• Aim of the task: Everything from the line with "Trump Putin - Trump" down to the line with "Average older anime women enjoyer" below must be printed exactly, those two lines included. Exclude pictures.

• Entries shown:
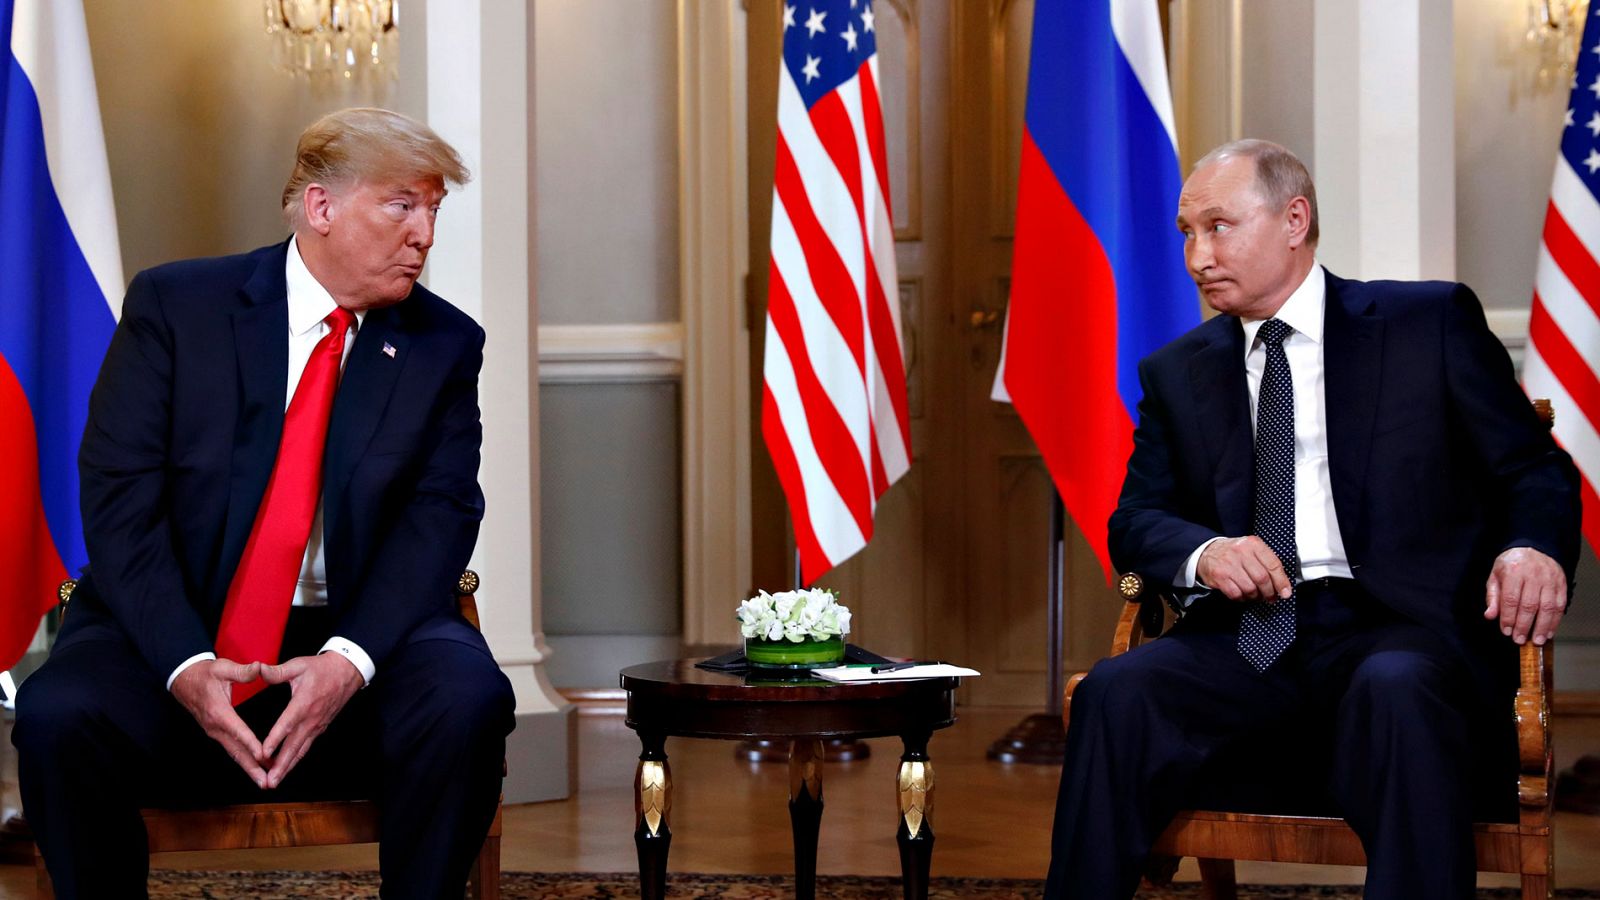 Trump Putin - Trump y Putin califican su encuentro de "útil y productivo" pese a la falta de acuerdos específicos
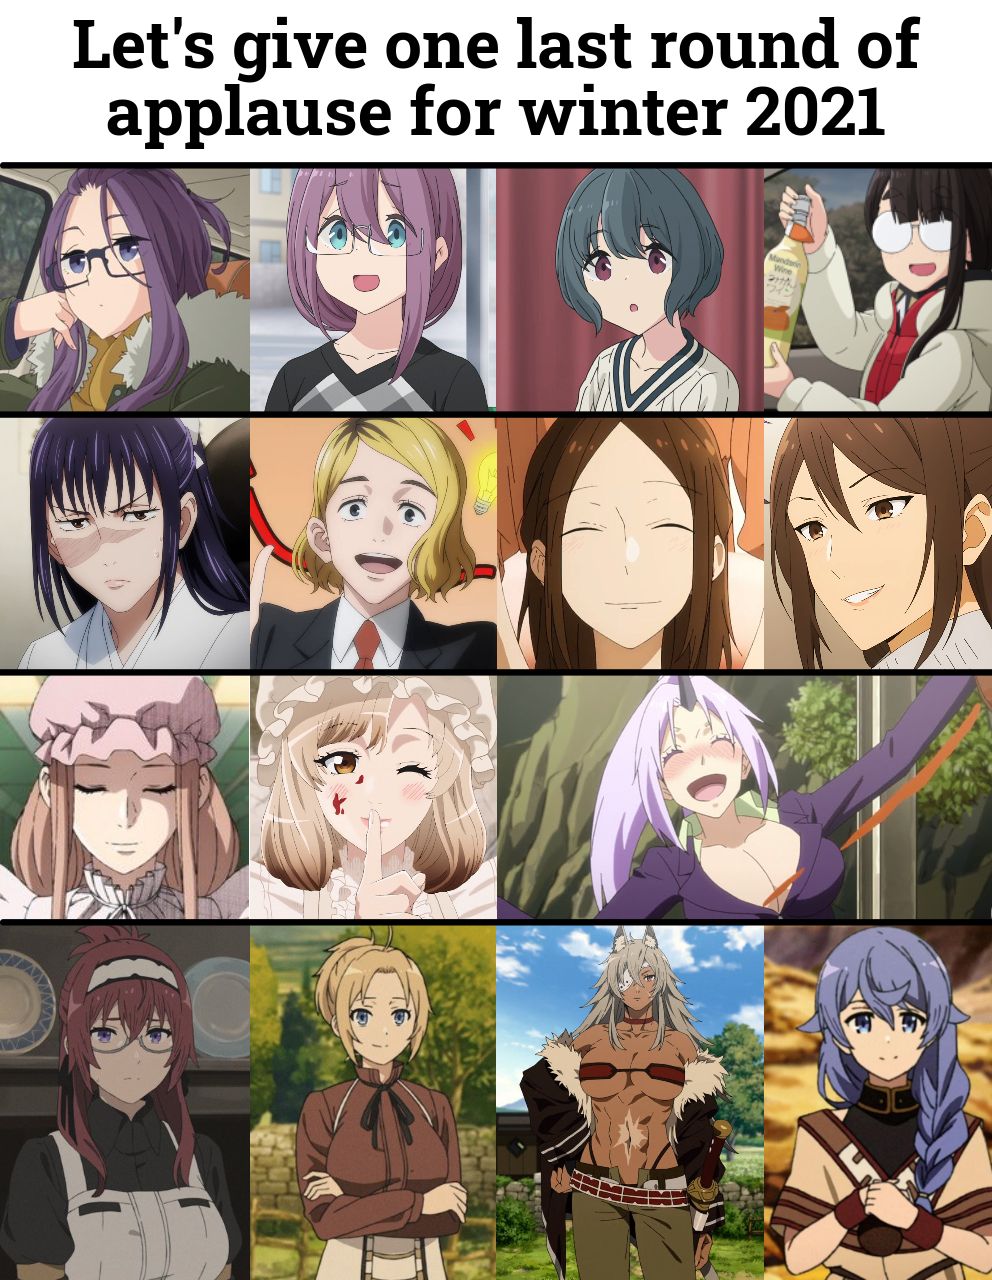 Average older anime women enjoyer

* * *

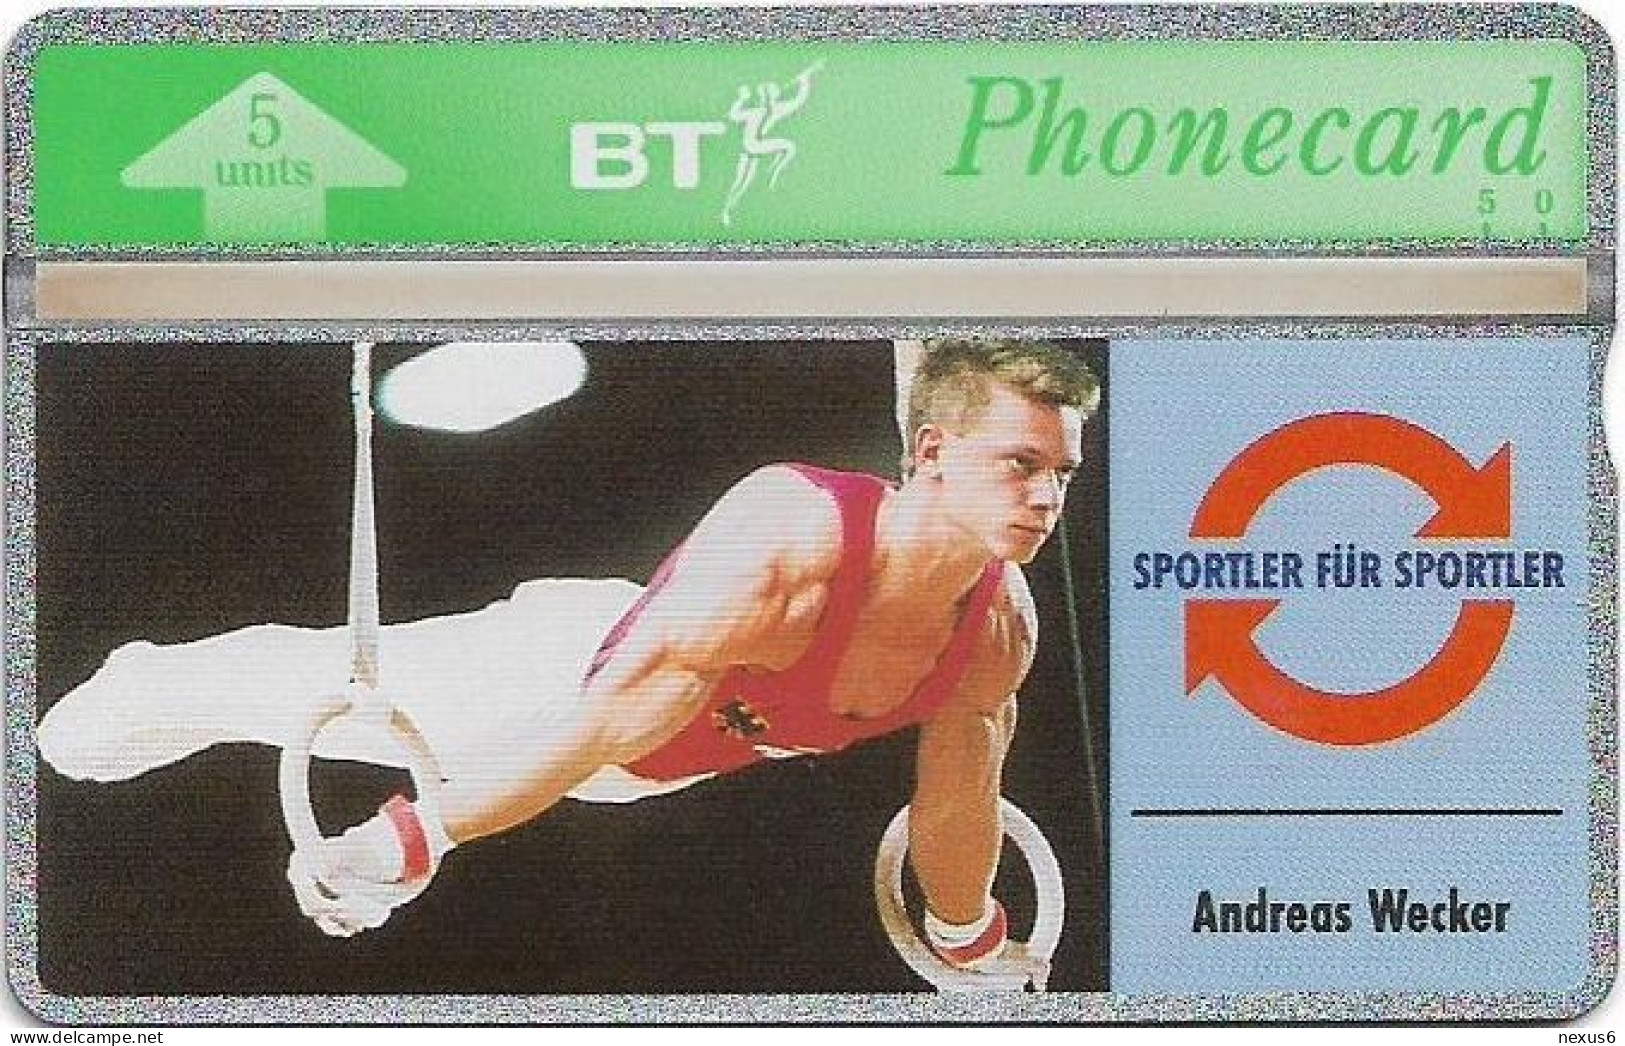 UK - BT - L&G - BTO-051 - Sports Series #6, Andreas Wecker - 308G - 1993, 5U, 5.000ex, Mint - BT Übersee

==

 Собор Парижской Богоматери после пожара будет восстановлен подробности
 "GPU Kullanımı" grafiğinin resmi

• Answer space:
 Trump Putin - Trump y Putin califican su encuentro de "útil y productivo" pese a la falta de acuerdos específicos
 Average older anime women enjoyer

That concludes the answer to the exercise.